Surveyor Business Stories with Stephen Boniface

 

This week we’re bringing another expert to our Surveyors Business Stories to share his journey into this thriving industry.  

Stephen Boniface is a chartered building surveyor at Whitworth Co-Partnership LLC. He specializes in historic building conservation, party walls and expert witness work.

Here is what we learned in this episode:

Surveyors, Architects and Building Conservation

Like most surveyors, Stephen “fell” into this career after giving up his dream to become a pilot. He got his qualification in 1984 and started working as a valuer, but soon got into building conservation and continued on that career path for 30 years. During the 1990s Steven set up his own practice, and in 2000 he joined Whitworth as a partner, which at the time was an unusual step for a surveyor in architectural practice.

 

“We mix and match,” says Steven. “I might go out and do a survey on a historic building, people buy it, and then they want to repair or alter it. So then it gets passed on to the architects. It’s quite a nice blend. Architects also have projects where they need my advice on party wall matters for example.”

 

Stephen has worked on a range of very interesting projects in building conservation – from the traditional Georgian townhouse that we see throughout the country, to timber frame buildings, cottages, churches, or thatched buildings. He even surveyed Grime’s Graves, a neolithic flint mine located north-west from Thetford.  

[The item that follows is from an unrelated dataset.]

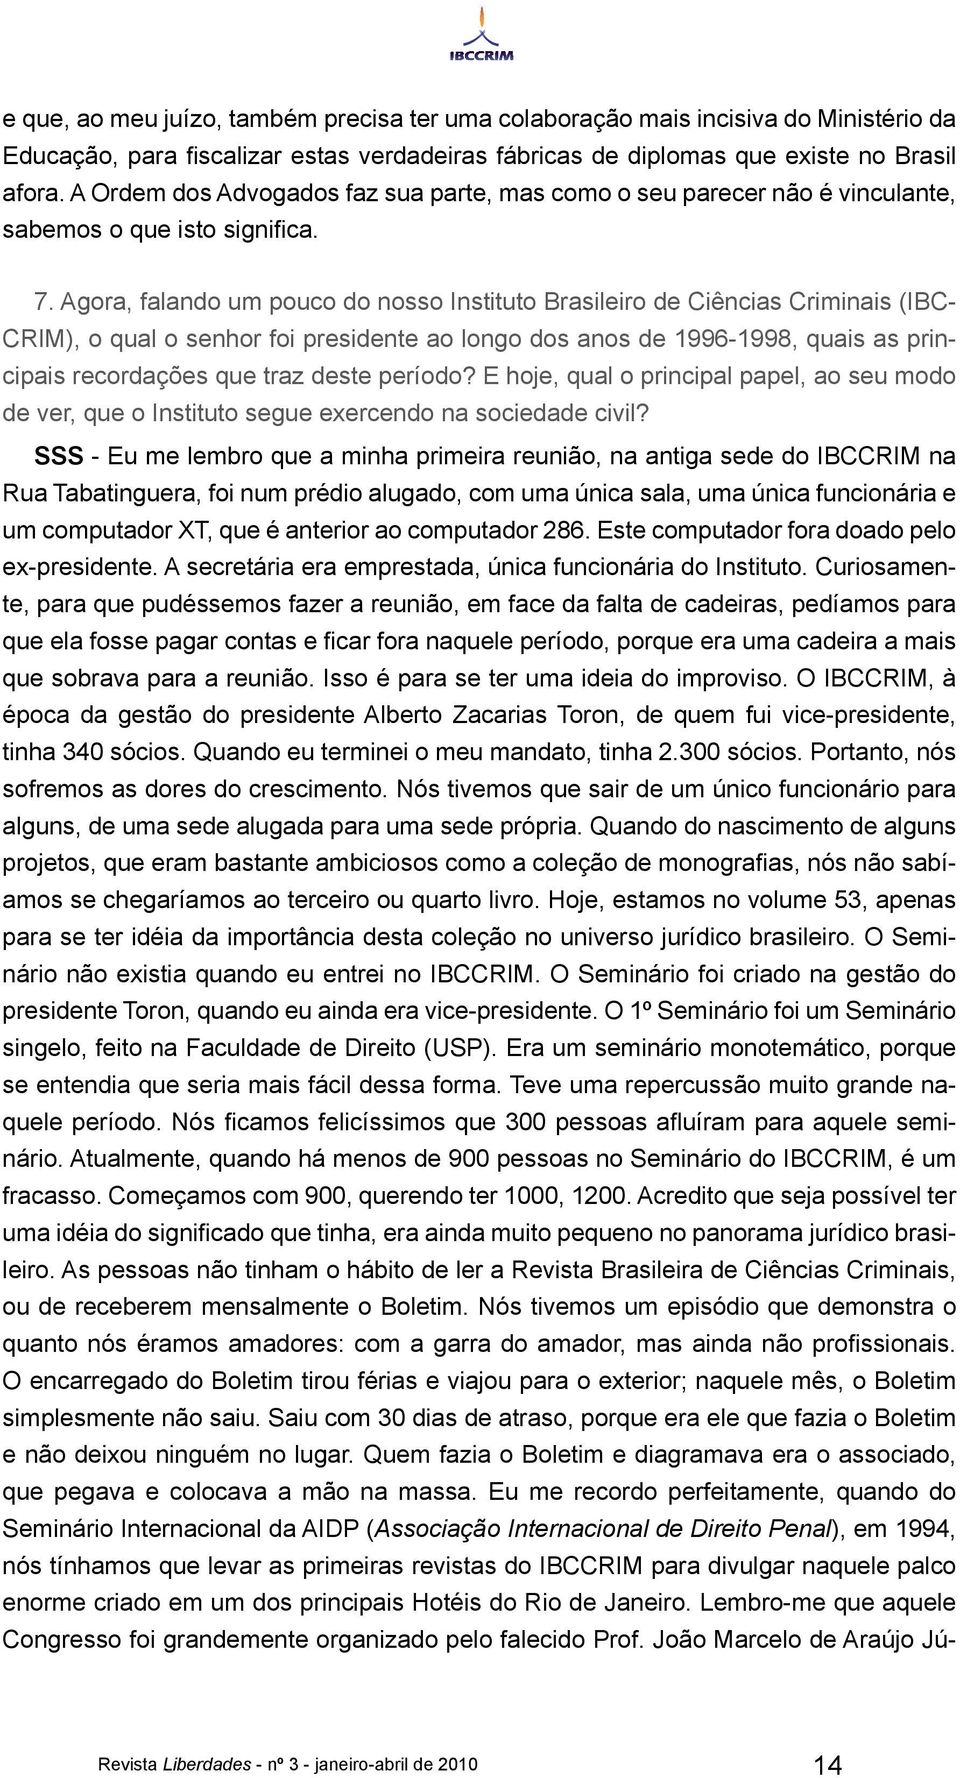 Agora, falando um pouco do nosso Instituto Brasileiro de Ciências Criminais (IBC- CRIM), o qual o senhor foi presidente ao longo dos anos de 1996-1998, quais as principais recordações que traz deste

Surveyors’ Work In The Lockdown

As the current situation massively affects the surveyors whose work is essentially on-site, Steven has started to consider employing technology in order to carry out his work to some extent and maintain his income.

 

“The lockdown has got me thinking about how we operate as surveyors, and most of our work is simply looking at something. So I’ve thought of a possibility of getting someone initially to film a property, and I’d see if I can give some advice. But then, they’re only going to show me what they want to show me. However, if I had a way of actually speaking to them, giving directions where to look and what to zoom in on, that could potentially work. So as of last week, we officially launched our remote consultancy service. We don’t know yet how successful it’s going to be, it may be a total flop, but we’ve got to try these things.”

 

How to Communicate With A Client

Virtual service is not, however, the same as virtual surveying. It could be the first step, but surveyors have to rely heavily on their experience, on “the sixth sense” when it comes to detecting a potential problem, and often on the in-person communication with the client in order to perform their best work.

 

Stephen differentiates himself from other surveyors by inviting clients to meet him on site towards the end of the inspection if the vendor doesn’t mind.

 

“What I’ve always said to surveyors that I’ve trained is you’re going into someone else’s house, and you’ve got no right to be there at all. And if you get it wrong, you could be thrown out and you won’t be able to do your job. So the important thing is to keep them sweet and be nice, and in fact, you’ll get information out of them.”

 

Surveying Apps and Self-Surveying

Marion and Stephen discussed the pro’s and con’s of technology and the possibility of self-surveys “I came across a number of different mobile phone apps that are effectively promoting self surveys,” said Marion. “They have been created by surveyors with the idea that a potential purchaser or vendor would go around the house and take photos, and people can look at them on the App. I thought that was a really interesting concept of empowering customers to understand what’s involved in surveying a property, almost to meet the surveyor part-way and improve customer engagement.”

 

“The idea of self-surveys is not new, and in this climate, it is taking off again” continues Stephen  There are two schools of thoughts on the issue of homeowners and their knowledge. One is that surveyors should keep them in the dark and just keep everything within the profession. The other school of thought is to give the homeowners a bit of knowledge about certain things that, with a bit of common sense, they can assess for themselves. They might then realise their limitations, and come back to surveyors to ask for further advice.

 

Advice To Surveyors Just Starting Out and Facing a Recession

Steven’s advice to young surveyors is to be inquisitive, to keep asking questions and not make assumptions.

 

“We all have to learn. There’s no way I could have gotten involved in conservation from a standing start. I had to gradually build that knowledge up over the years. The way I did it was through private study, spending evenings just reading books, and finding people from whom I could learn more.

 

Everyone in society is suffering in different ways, but life has to go on. People have still got homes over their heads. When it rains, some of them are going to leak. If we have a very dry summer, some of them are going to have cracks. And if we all sat at home, they’re going to say ‘No one’s going to come to me to look at this damp patch because surveyors aren’t allowed out.’ No, we’re not, but we might be able to give you some advice remotely. It doesn’t stop us from working if we are wise and sensible about it,” Steven concludes.